April 14, 2012

Athletes, food and the 3 itsybitsy Pigs

Most population don't think too hard about what they eat. They pick something up, put it in their mouth and chew. They don't realize that what they just ate will be a part of their body within 2 hours. It is a part of their body just as bricks are a part of a wall. The whole wall is made of bricks and your body is made up entirely of the food you eat!

Certain foods are much best for you than others. Fruits, vegetables, fresh leafy greens, milk, lean meats, fish, nuts and water are all foremost in construction and re-building your body. This is true for everybody. But it is especially foremost for athletes because athletes break down their bodies faster than non-athletes and need to rebuild it faster as well. Just as foremost is what you rebuild your body with. A exquisite example of this can be seen in the tale of the "3 dinky Pigs".

You see each home of the pigs was built with something. The first house was weak and didn't stand up against the rigors of the wolf. This is what happens when you work hard (like you do while our camps) and then try to rebuild your body with candy, sweets, cookies, sugary cereals, and you leave out vegetables and fruits. Your body is going to breakdown precisely and not be very strong when it needs to be.




The second house was built a dinky bit stronger but not by much. His house was still pretty precisely taken down by the wolf. This is like drinking sugary, caffeinated drinks like Starbucks and eating greasy hamburgers and hot dogs with a few veggies on the side. Your body will still not be able to stand up to the work you put it through. You will be tired, sluggish and you won't play too well.
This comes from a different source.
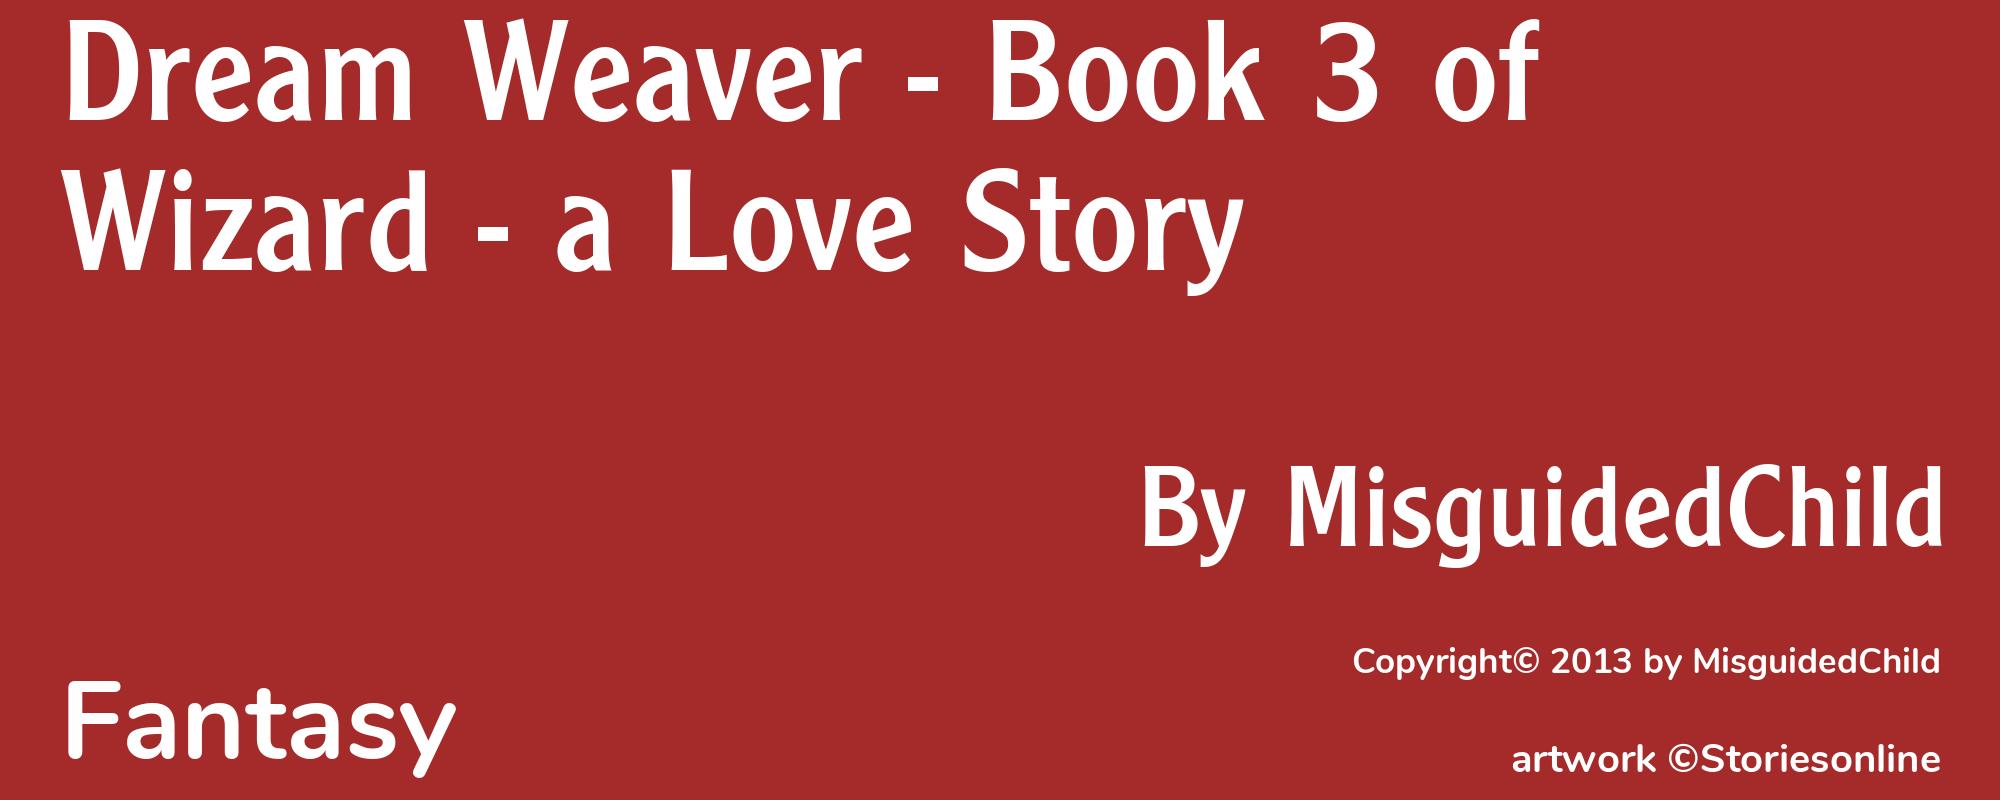 Dream Weaver - Book 3 of Wizard - a Love Story - Cover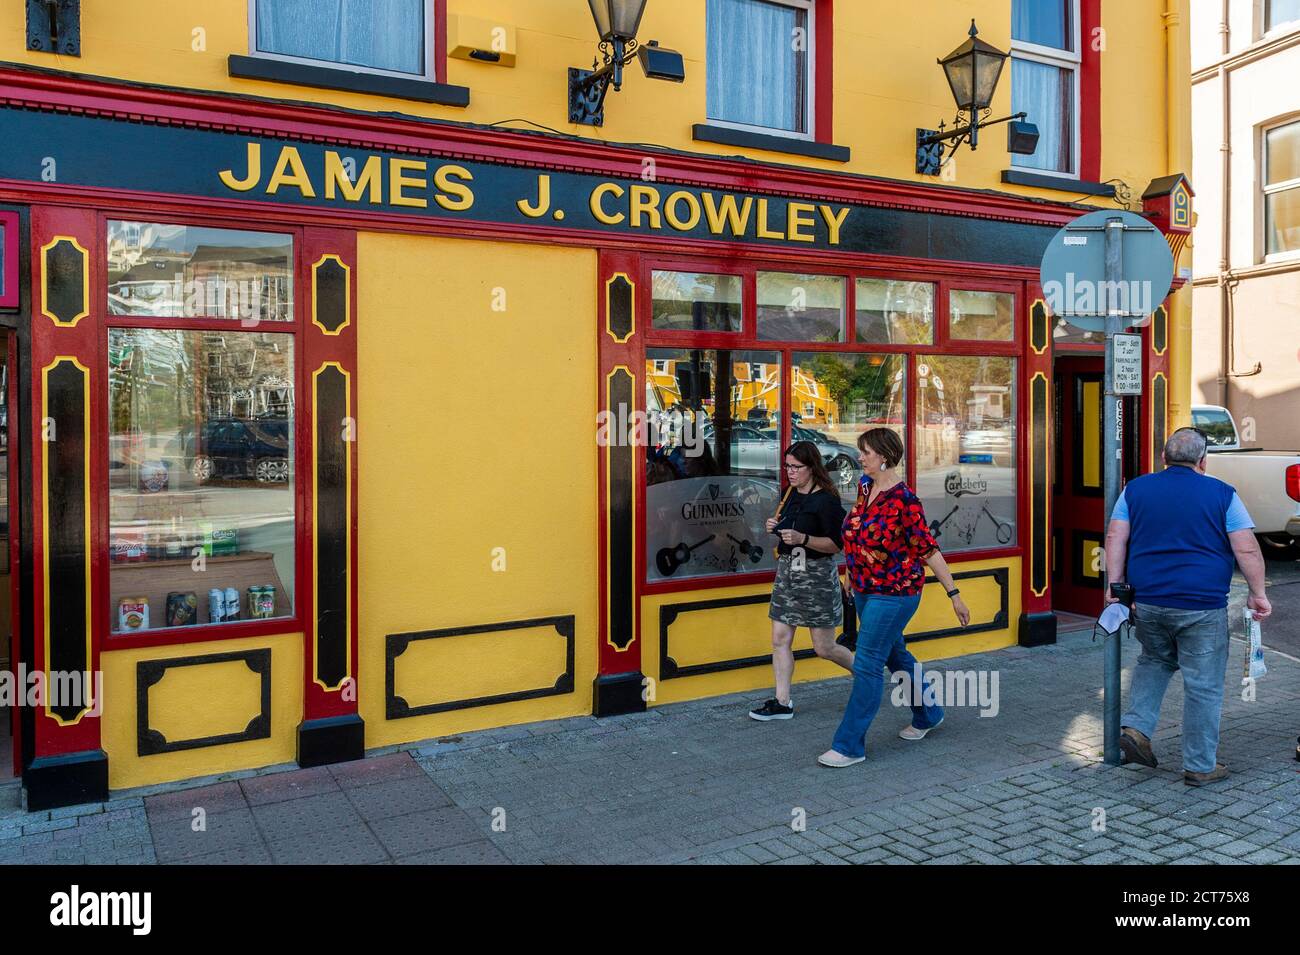 Bantry, West Cork, Ireland. 21st Sep, 2020. Wet Pubs opened in their droves across the country today after the government gave the green light to non-food serving hostelries. JJ Crowley's in Bantry opened early this morning after 190 days closure. Credit: AG News/Alamy Live News Stock Photo

Now the third pig, he had one heck of a strong house. It was made of brick and iron. Nothing could take it down and it was always ready for the next challenge. This is what your body feels like when you eat lots of vegetables, fruits, lean meats like chicken (no chicken strips!!), fish, low fat dairy like yogurt and chocolate milk.

These are just a few, but here are good food choices:

Breakfast
Lunch
Wheaties w/ milk + Strawberries
Turkeysandwich
Whole Wheat Toast and Peanut Butter
Chicken salad
Yogurt + granola + blueberries
Buffalo Burger + veggie chips
Strawberry Banana Smoothie
TurkeyBurger +
Oatmeal + peaches
Tuna Salad Sandwich
Scrambled Eggs w/Salsa
Apple-Banana-Pb Smoothie

Dinner
Snacks
Chicken + Grilled Zucchini
"Ants-on-a-log" (Celery, Pb, Raisins)
Fish (not fish sticks!)
Strawberries
Black bean chicken salad + avocado
Pineapple
Whole wheat Spaghetti
Chocolate Milk
TurkeyChili
Sunflower Seeds
White bean and ground turkey Soup
Yogurt

The key to manufacture good choices is retention added sugar out and eating foods that are minimally processed. Do not eat food that is deep fried with batter, drenched in butter, no fast food and ice cream only once per week. Parents, you are the ones buying the food. Buy and prepare ability meals with whole foods. Your child's body will thank you and so will their coaches!